- What you have to do: What is needed is a faithful transcription of all the data below, pictures excluded.

Source material Start Marker

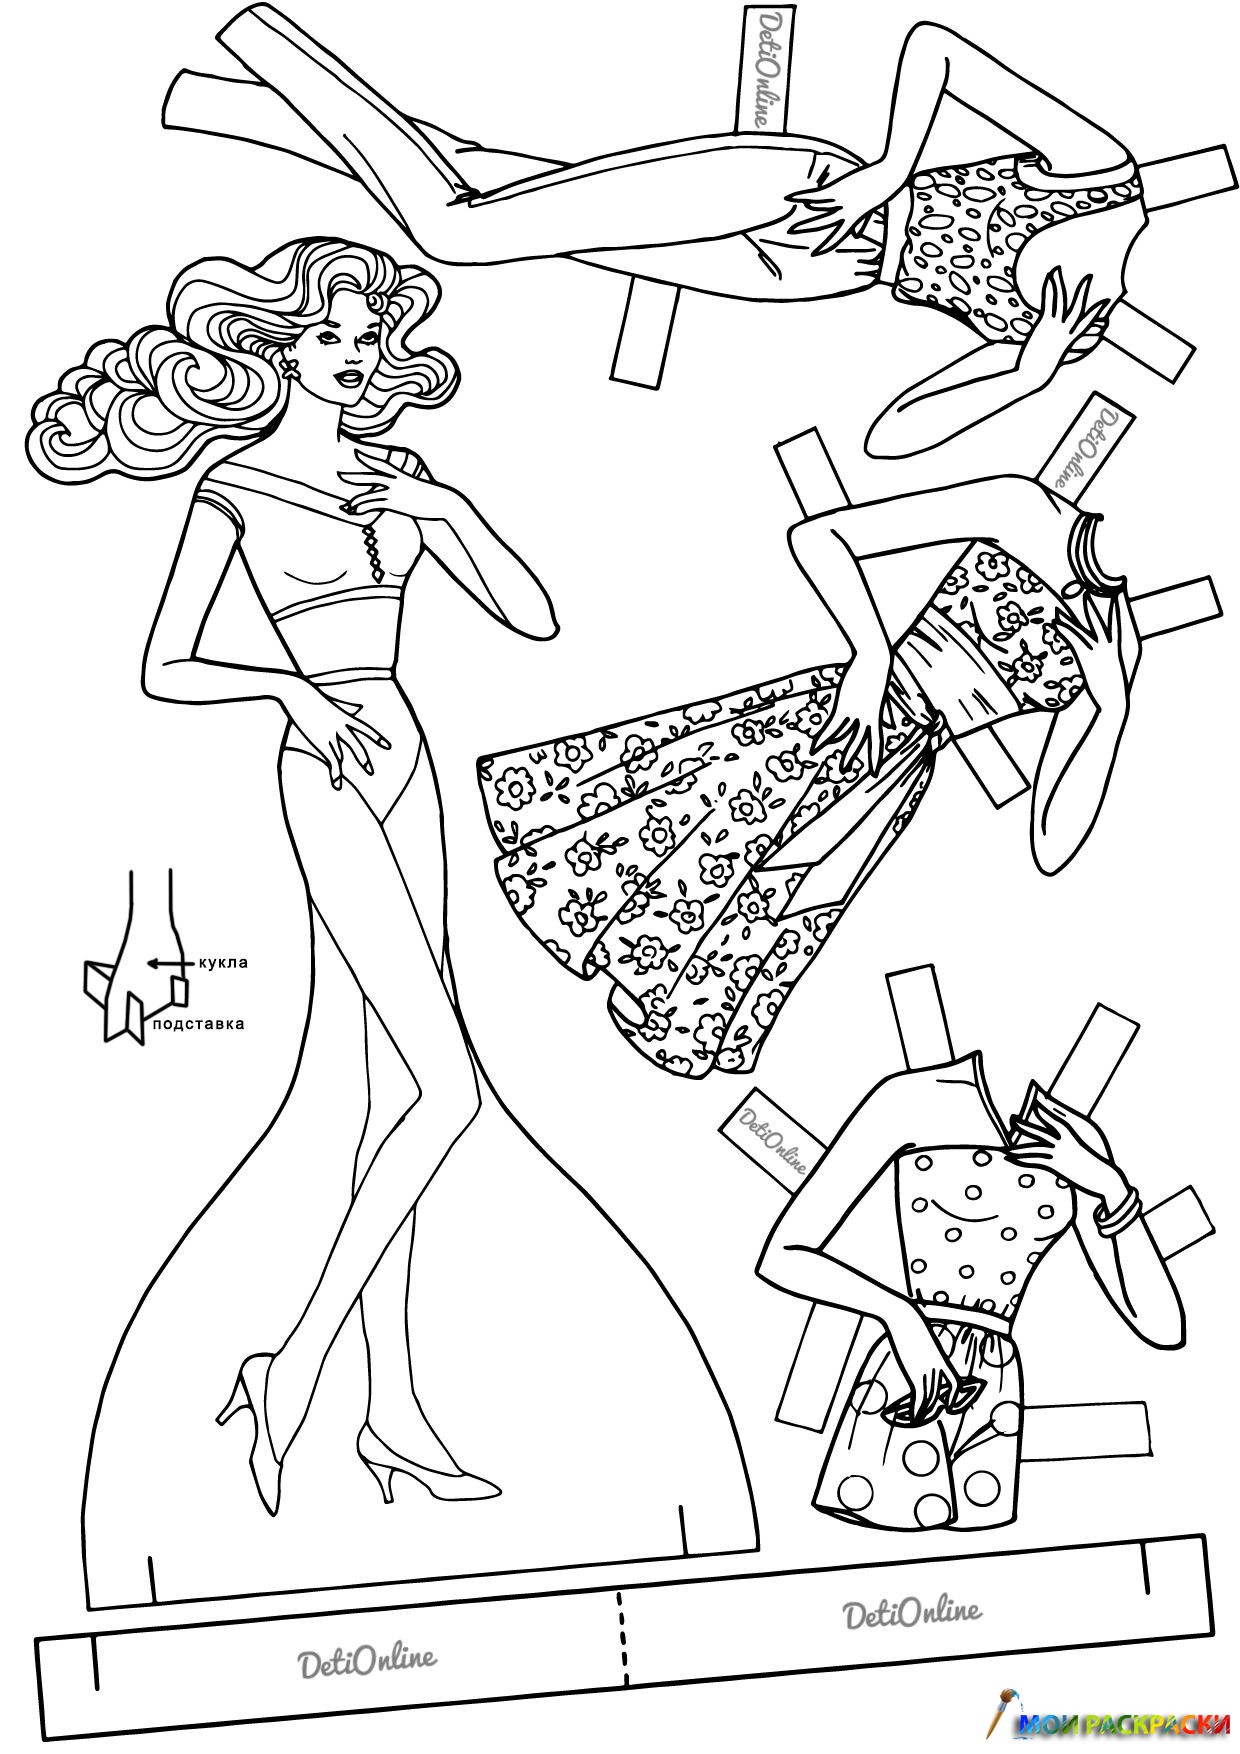 Barbie paper doll with cut out clothes #7
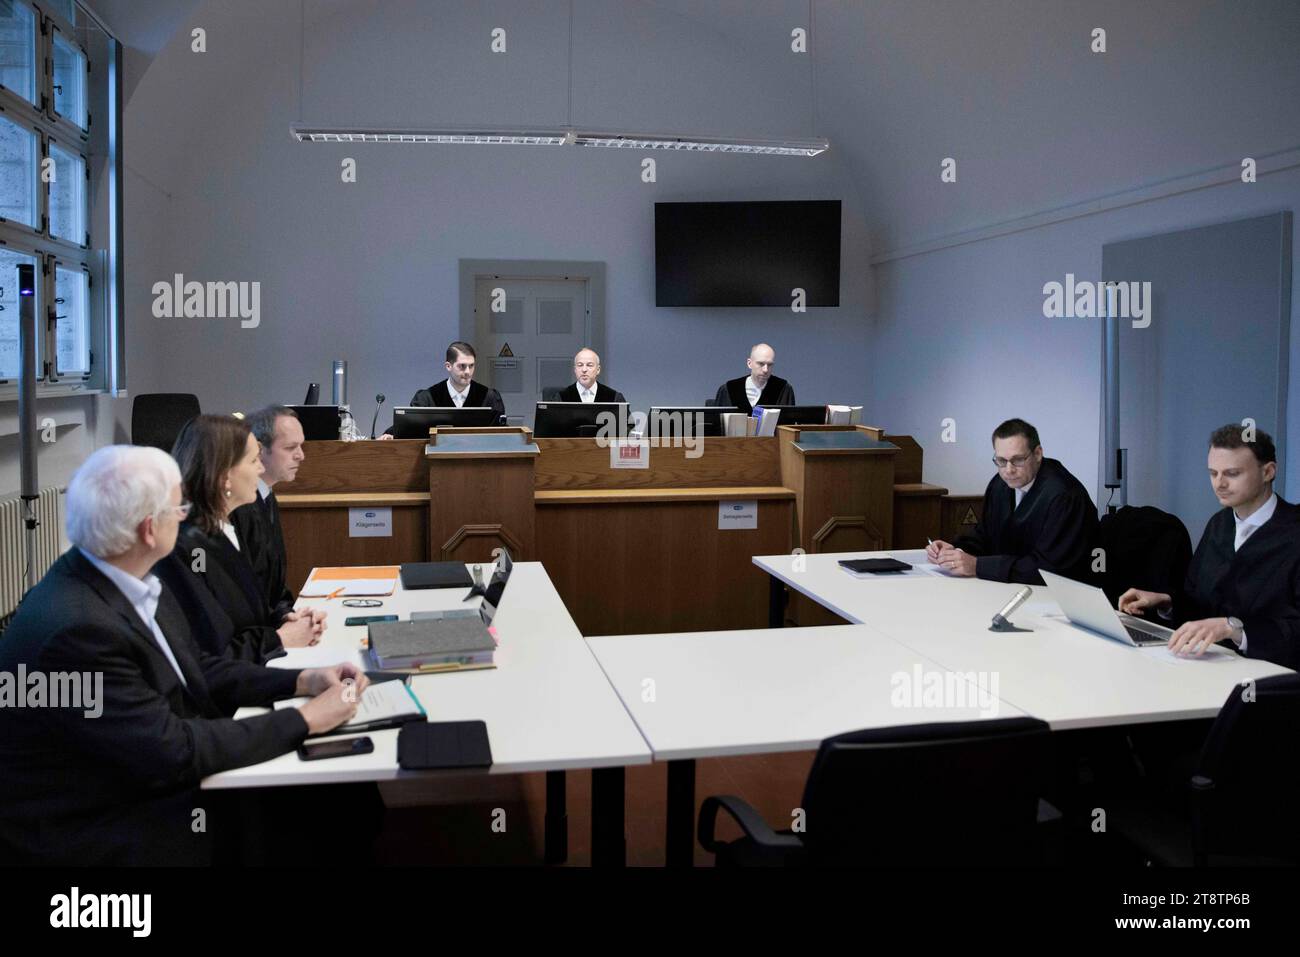 21 November 2023, Berlin: Jürgen Resch (l-r), Managing Director of Deutsche Umwelthilfe (DUH), Juliane Schütt, lawyer, Tobias Bulling, lawyer, and Holger Thiel (M), judge in the case, sit in the courtroom before the start of the hearing of DUH's landmark lawsuit against US internet giant Meta (Facebook, Instagram) at Berlin Regional Court. The lawsuit is based on threats of violence and murder in public Facebook groups. Resch is demanding that the Facebook parent company close certain groups and is attempting to enforce this with a model lawsuit. Photo: Carsten Koall/dpa Stock Photo
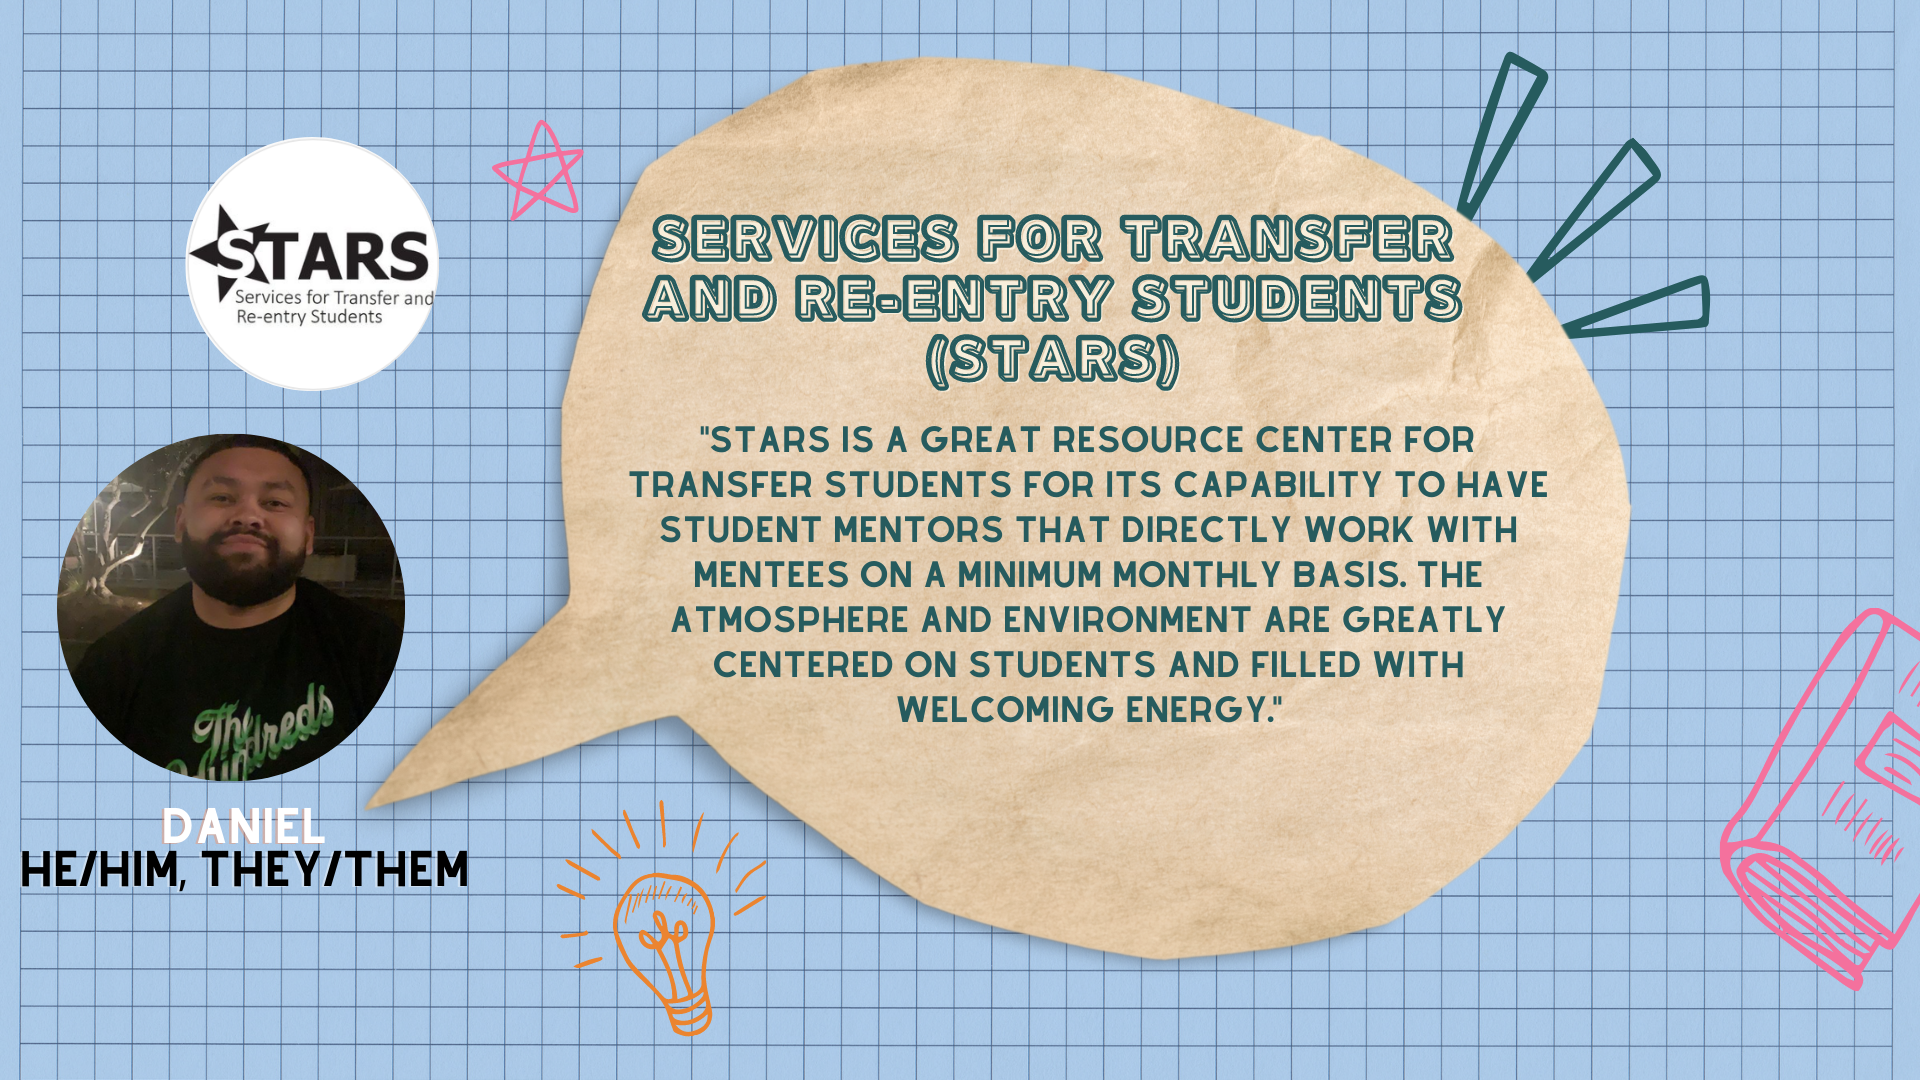 quote: "STARS is a great resource center for transfer students for its capability to have student mentors that directly work with mentees on a minimum monthly basis. The atmosphere and environment are greatly centered on students and filled with welcoming energy."

Source material End Marker

- Solution:
 Barbie paper doll with cut out clothes #7
 21 November 2023, Berlin: Jürgen Resch (l-r), Managing Director of Deutsche Umwelthilfe (DUH), Juliane Schütt, lawyer, Tobias Bulling, lawyer, and Holger Thiel (M), judge in the case, sit in the courtroom before the start of the hearing of DUH's landmark lawsuit against US internet giant Meta (Facebook, Instagram) at Berlin Regional Court. The lawsuit is based on threats of violence and murder in public Facebook groups. Resch is demanding that the Facebook parent company close certain groups and is attempting to enforce this with a model lawsuit. Photo: Carsten Koall/dpa Stock Photo
 quote: "STARS is a great resource center for transfer students for its capability to have student mentors that directly work with mentees on a minimum monthly basis. The atmosphere and environment are greatly centered on students and filled with welcoming energy."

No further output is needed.